Shopping for the crew

Since fire crews eat together, they also shop together. On a recent grocery shopping spree, Martin led a crew of four to Kroger on Alexis Rd. near Lewis Ave., where they loaded their cart with sausage for lunch and steaks for dinner, as well as brussels sprouts, milk, wheat bread, hot dog buns and potato chips. At the checkout counter, Martin handed the cashier a wad of cash he had collected from all seven firefighters on their shift that day. For those shoppers who witnessed their purchase of nearly seven pounds of steak and assumed it was a luxury item paid for by the city, they were mistaken. “That’s a common misconception,” pointed out firefighter Luke Wentz. “When we’re shopping at Kroger, folks come by and they think the city’s paying for our food.
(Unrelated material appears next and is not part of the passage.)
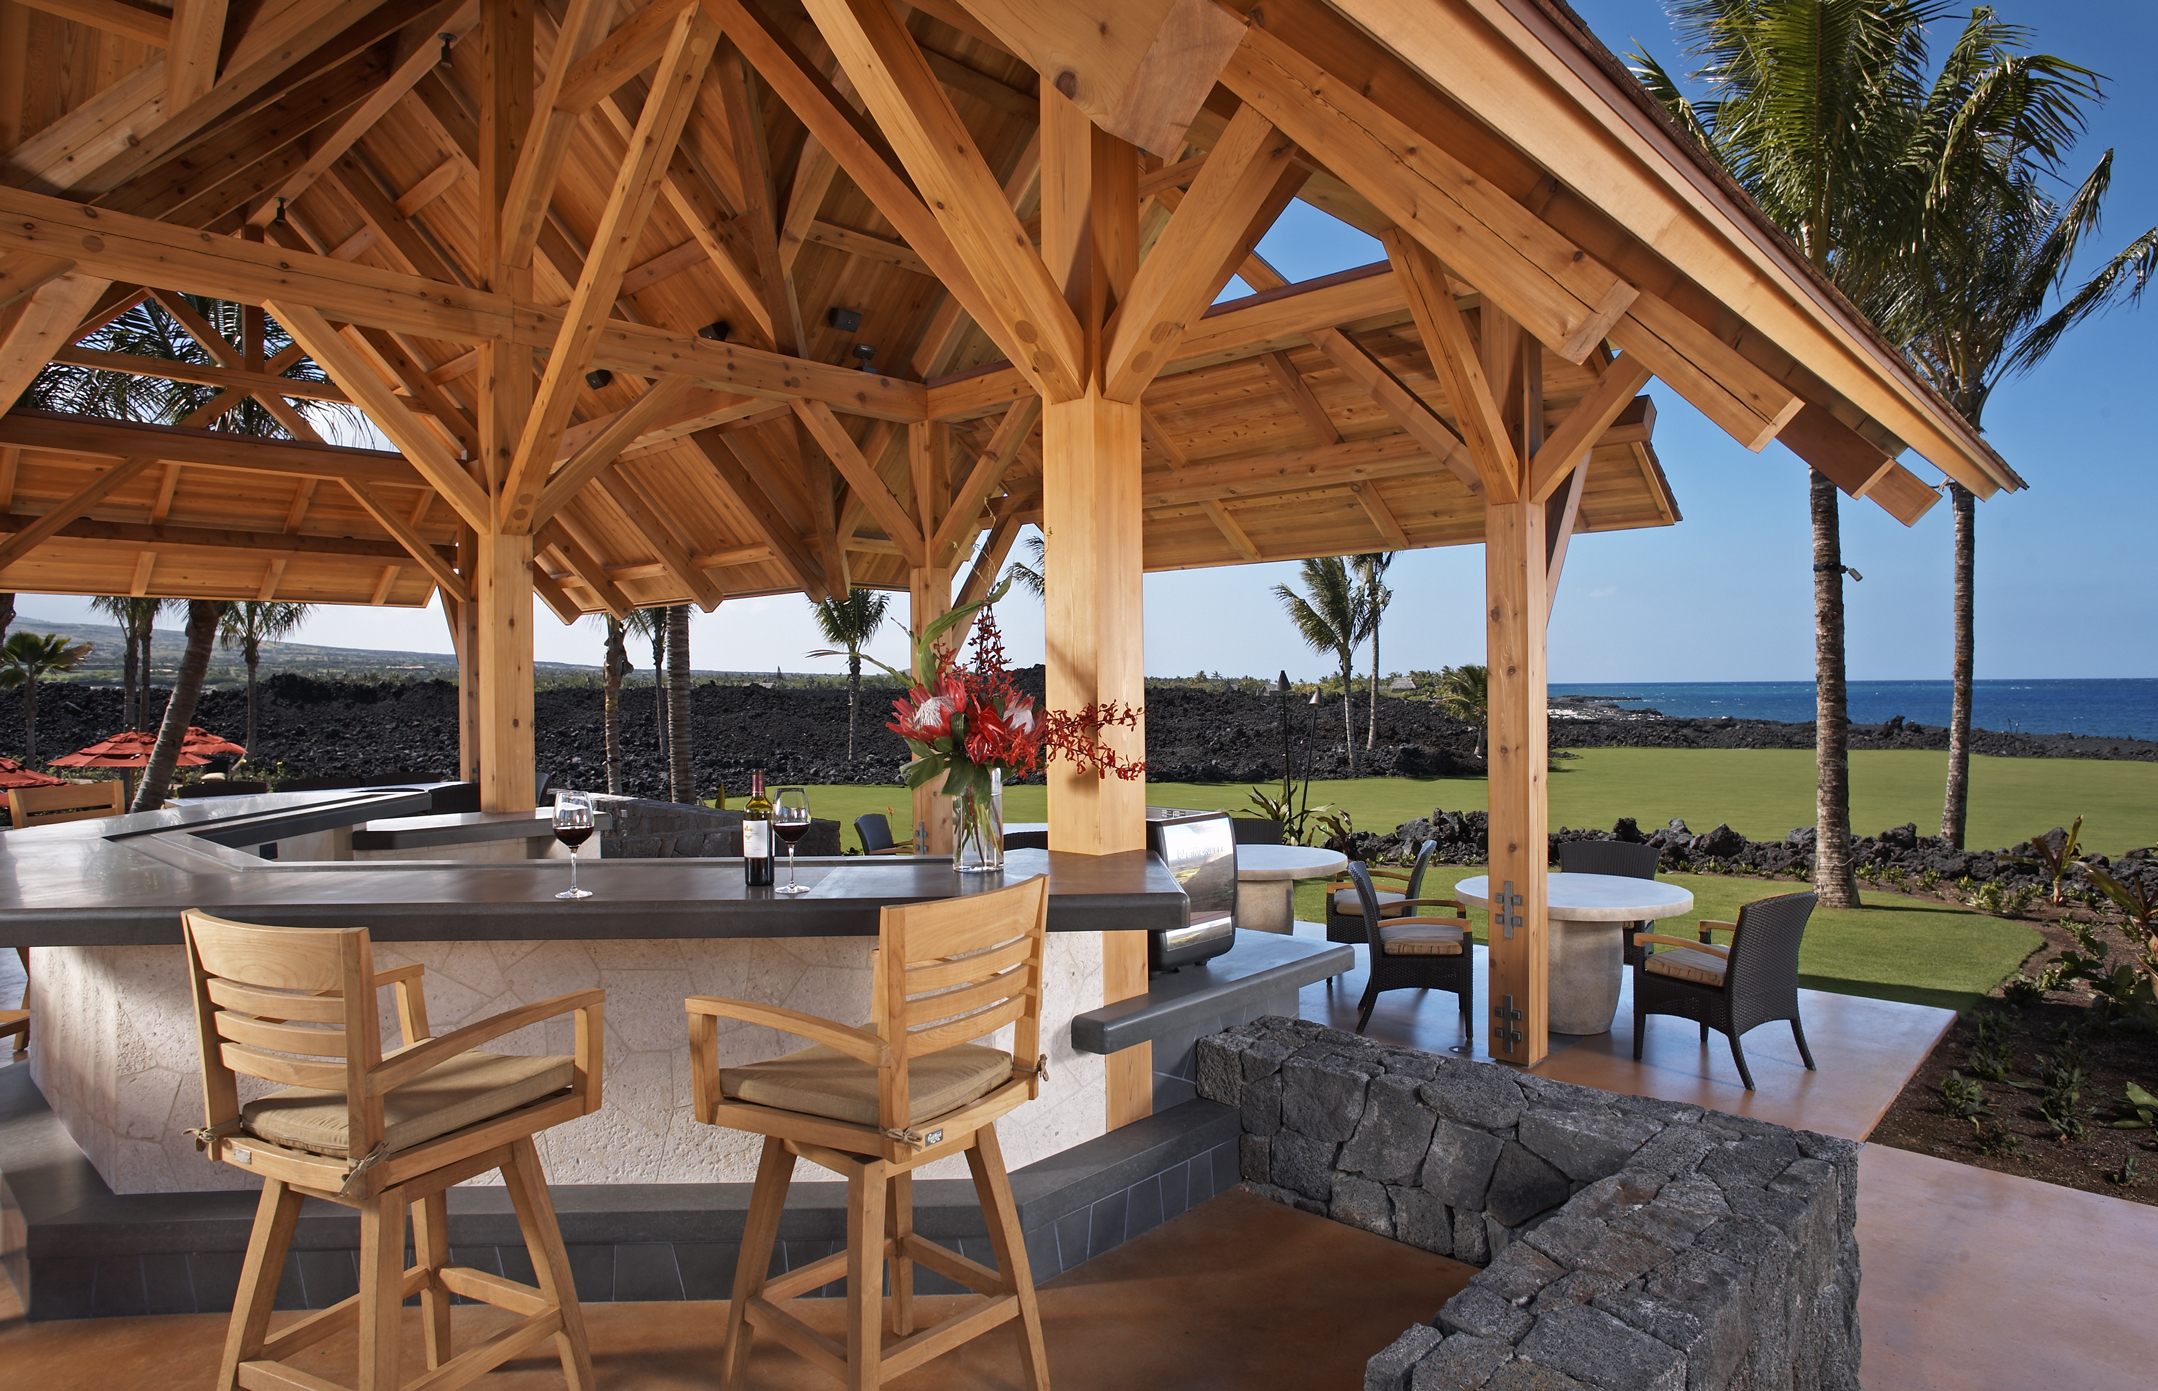 Why You Should Build a Timber Frame Addition to Your Outdoor ...

It’s not the case.” Martin explained that at Station 7, they have seven guys on his shift, so that’s $70 to work from. “Sometimes we might only spend $50 at the grocery store, and that $20 carries over. When we build up an extra $100, we spend it on prime rib and lobster, but we pay for it ourselves.”

Stocking the station

Martin explained that Toledo firefighters are also responsible for buying most of the amenities and comforts inside their stations. The city basically only provides a stove and a refrigerator. The firefighters pay for everything else. “Some stations will have a lot of things, like televisions and recliners, and some stations won’t have much at all because guys don’t want to pay for it. The city provides us with very little,” he said. Typically, firefighters will pitch in $10 for every day they work, and an additional $12 from each paycheck for essentials around the station, which includes cable television, the internet, cooking ingredients, smokers, big grills, and even their pots and pans. “There are pots and pans from the guys back in the ’70s and ’80s that are still in these engine houses,” exclaimed firefighter Adam Bonnell as someone pulled out the old iron skillet to make his point. “There were so many good meals made out of those pots and pans, and we still use some of them. There’s a lot of history in that frying pan,” he said. Yes, if only that skillet could talk.